To motivate the discussion of circuit lower bounds, consider the question
of whether it is possible to get rid of the randomness in randomized algorithms
and still have them recognize the same languages.
Randomness can be simulated by constructing or computing strings that
look random to polynomial time machines or, say, time $n^2$ machines.
An important component of this progress involves proving {\em circuit lower bounds}.

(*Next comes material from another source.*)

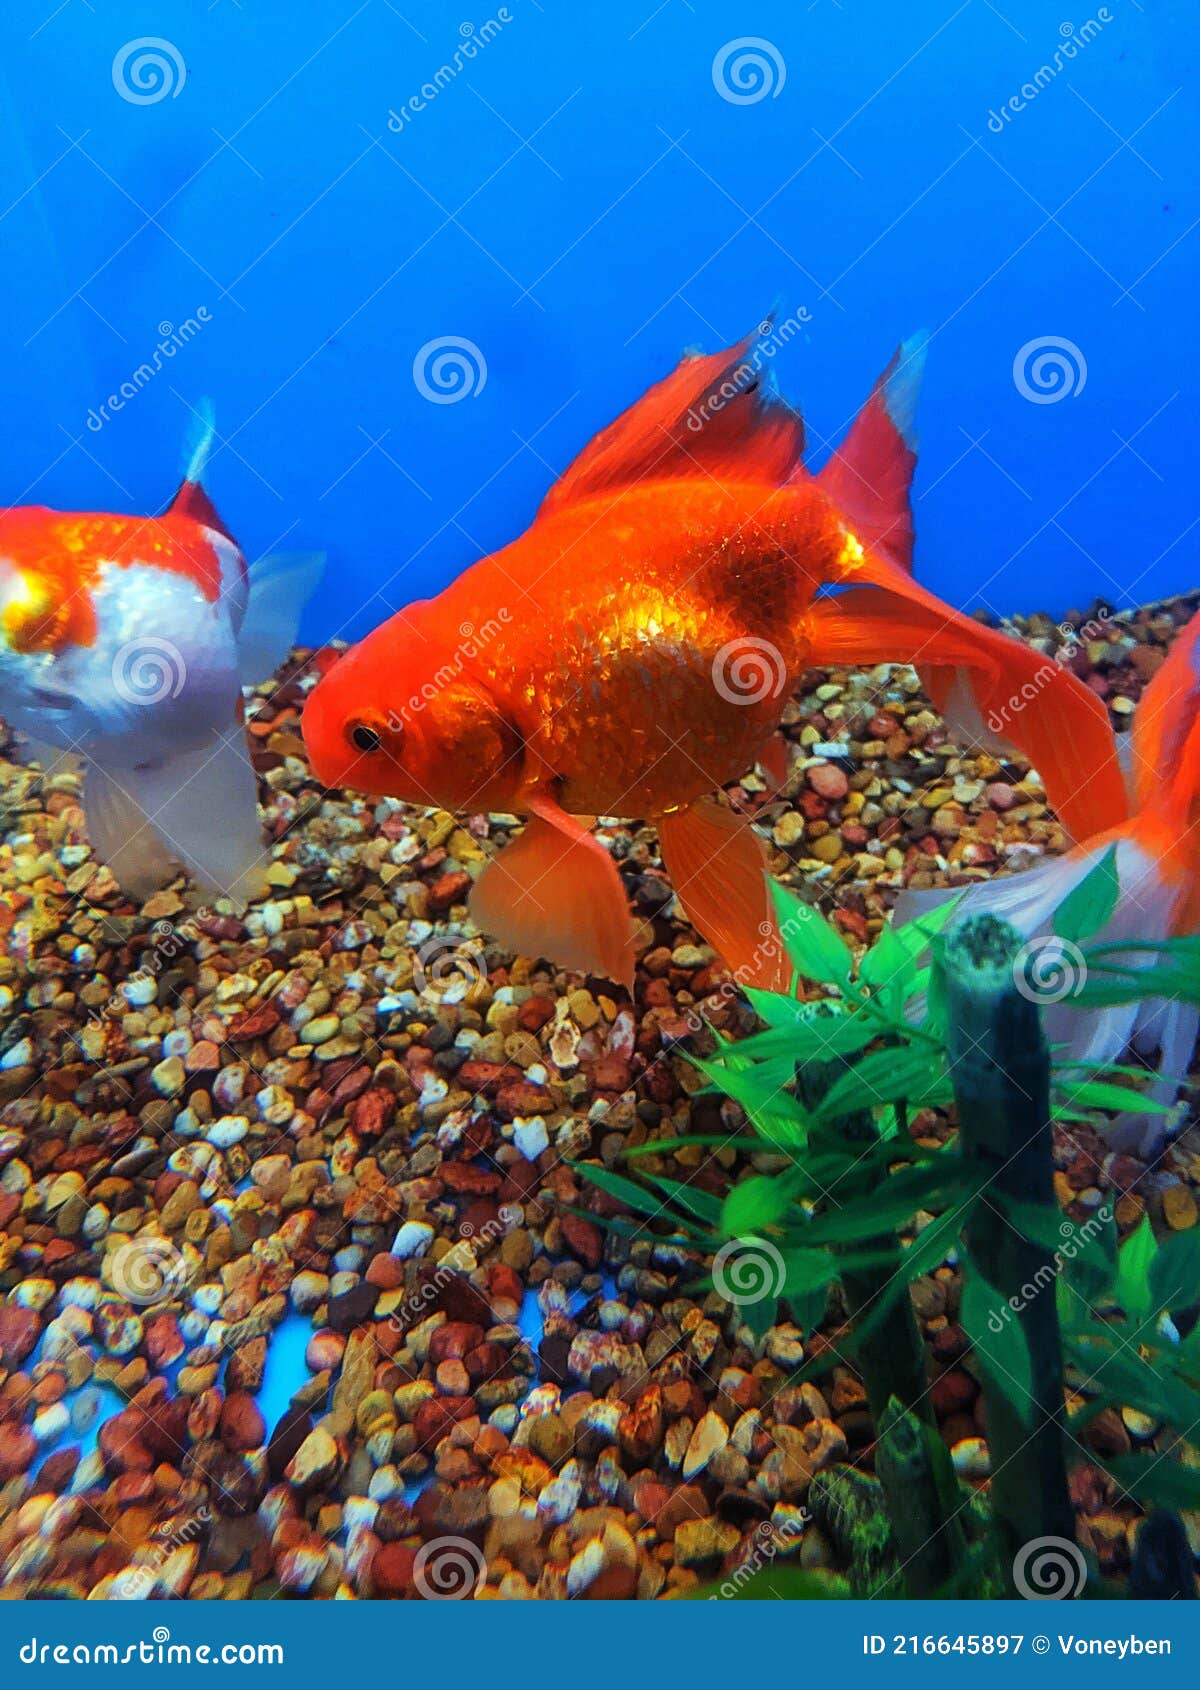 Fantail Goldfish in Aquarium Stock Image - Image of dorsal, common:  216645897
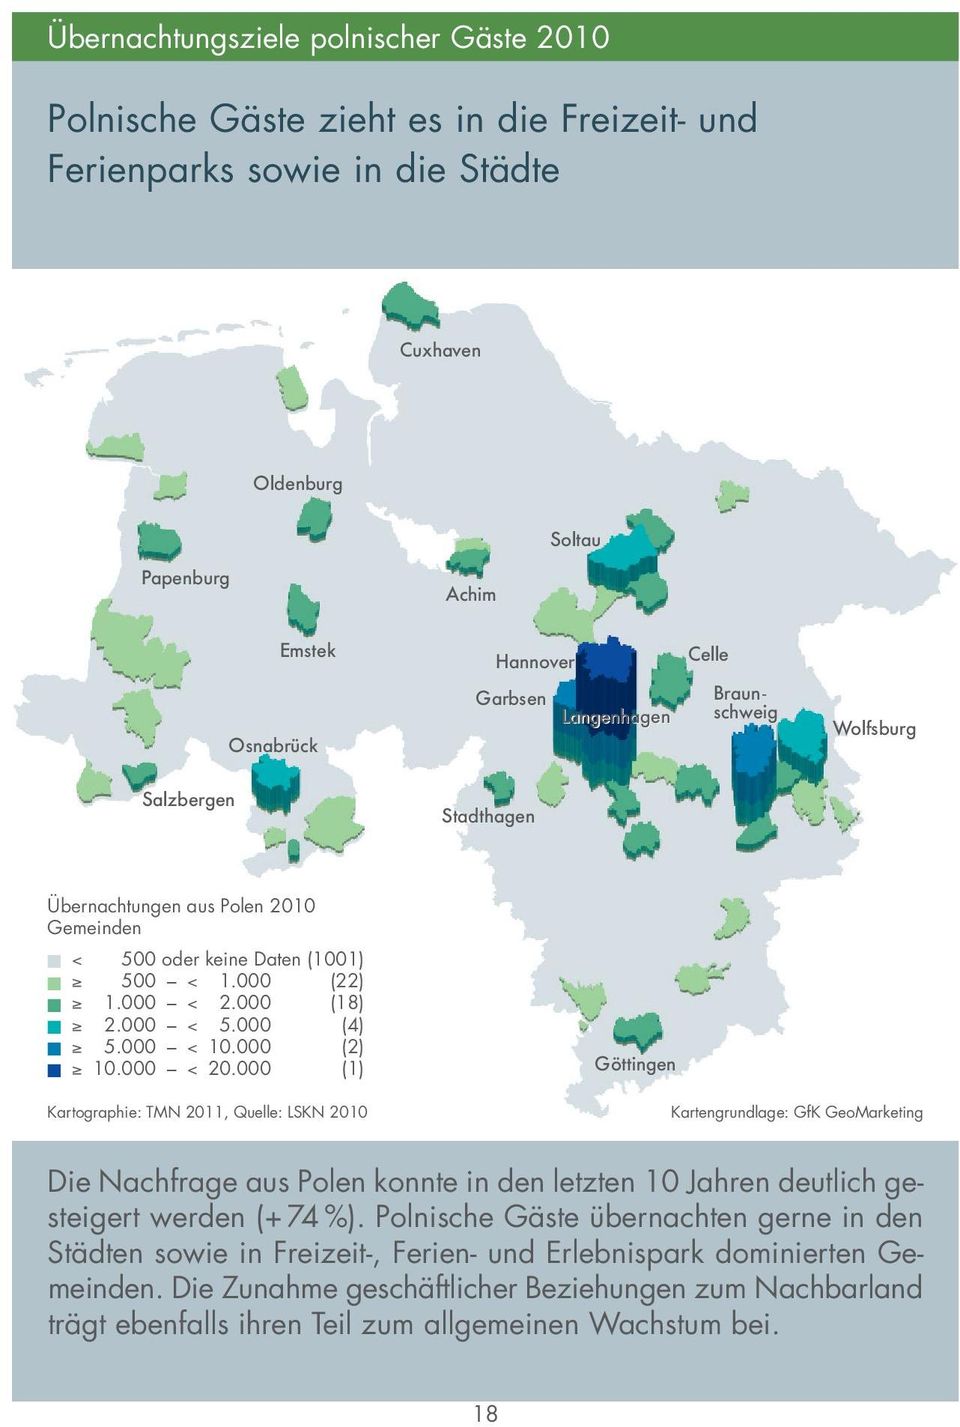 000 (2) 10.000 < 20.000 (1) Göttingen Kartographie: TMN 2011, Quelle: LSKN 2010 Die Nachfrage aus Polen konnte in den letzten 10 Jahren deutlich gesteigert werden (+74%).

Recall that a circuit is a directed acyclic graph with:
\begin{itemize}
\item $n$ {\em input} nodes, which have in-degree 0, arbitrary out-degree,
  and are labeled $x_1, \ldots, x_n$
\item 1 {\em output} node, which has arbitrary in-degree and out-degree 0
\item many {\em internal} nodes, which have 3 types of functions:
  \begin{enumerate}
    \item NOT, which has in-degree 1 and arbitrary out-degree
    \item OR, which has arbitrary in-degree and arbitrary out-degree
    \item AND, which has arbitrary in-degree and arbitrary out-degree
  \end{enumerate}
\end{itemize}

For our purposes, there are two important measures of circuits:
\begin{enumerate}
  \item The SIZE of a circuit is the number of edges in its graph.
  \item The DEPTH of a circuit is the length of the longest path in its graph.
\end{enumerate}

One universal bound on circuit size is that for all functions
$f:\{0, 1\}^n \mapsto \{0, 1\}$, there is a circuit of size $n2^n$ that
computes $f$.  To see that this is true, consider the circuit that has the
entire table of values for $f$ encoded as a sum of products (DNF).

\begin{proposition}
There exists a function $f$ that cannot be computed by a circuit of size
$2^n/n$.
\end{proposition}

The typical function for which lower bounds are proven is
$f(h, x) = h(x)$, which splits the input into a function $h$ and
an input $x$ for $h$.
In this way, diagonalization can be used to prove that there is
some $\{f_n\}$, computable in PSPACE that requires a size $n \log n$ circuit.

If C is a circuit of size $s$ and depth $d$ that computes
$x_1 \oplus \cdots \oplus x_n$ (i.e. parity) then $s \geq 2^{n^{\Omega(1/d)}}$.

\end{document}